Of the 24 reference samples collected, five could only be identified to genus. These five genera contain species that occur in the study area and are listed in NSW as threatened on at least one of two different lists; the Australian Environment Protection and Biodiversity Conservation Act 1999 national threatened flora list (Department of the Environment and Energy Commonwealth of Australia, 2018b), and the Buloke Woodlands of the Riverina and Murray-Darling Depression Bioregions list (Department of the Environment and Energy Commonwealth of Australia, 2018a), which is specific to the study area. These species are Sclerolaena napiformis (Endangered), Austrostipa metatoris (Vulnerable), A. nullanulla (Endangered) and A. wakoolica (Endangered) on the national list, and Ptilotus erubescens (Rare/Threatened), P. exaltatus var. semilanatus (Endangered), Austrostipa exilis (Rare), A. gibbosa (Rare), A. puberula (Rare), and Sclerolaena napiformis (Threatened/Endangered) on the Buloke Woodlands list. This makes it possible that some of the specimens included in the reference collection are threatened. None of the reference specimens identified to species level are threatened in NSW.

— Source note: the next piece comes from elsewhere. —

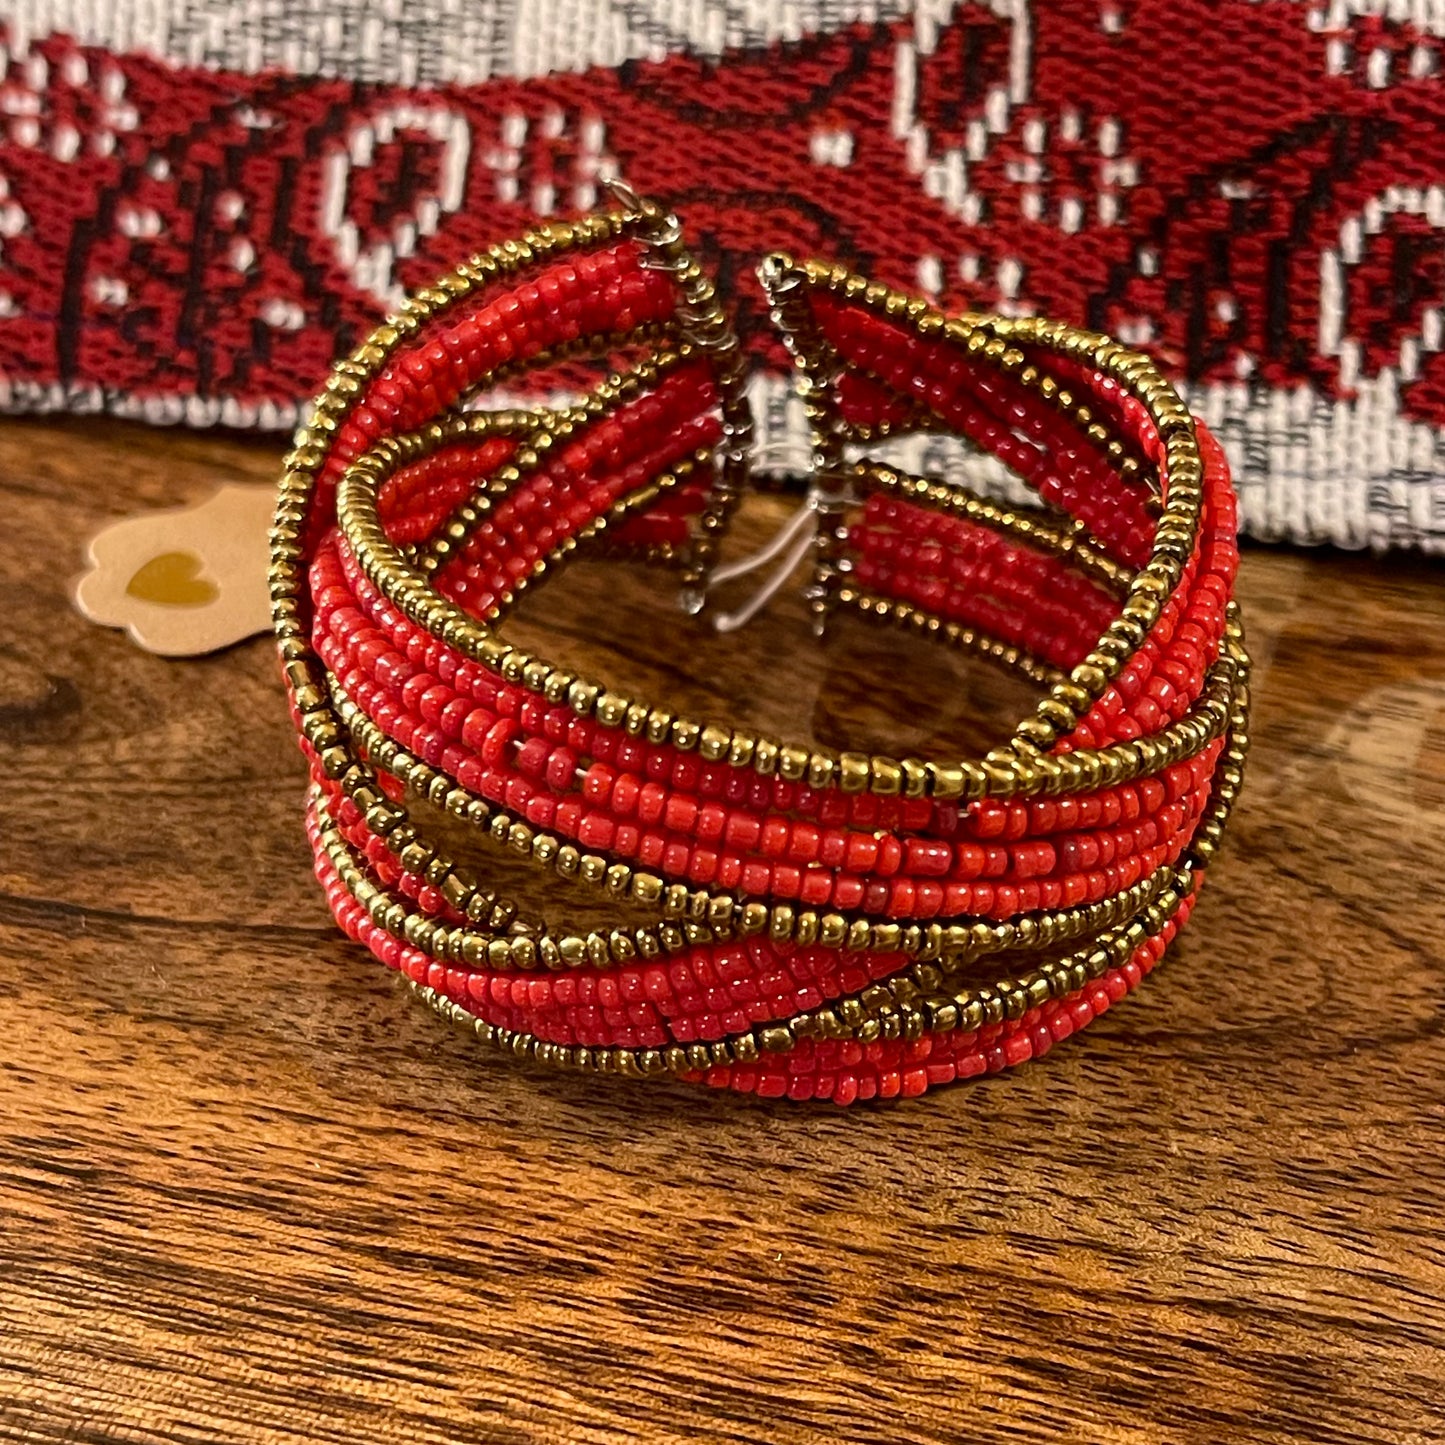 Seed Bead Red and Gold Cuff Bracelet

Although we did not attempt to sequence matK in the faeces samples, the matK sequences of reference plant samples were included in this study because they could facilitate species identification at a future date. Published PCR primers for rbcL, matK and ITS2 (Table 2), yielding amplicons of approximately 600, 800 and 460 bp respectively, were used for PCR amplification and sequencing of reference plant samples.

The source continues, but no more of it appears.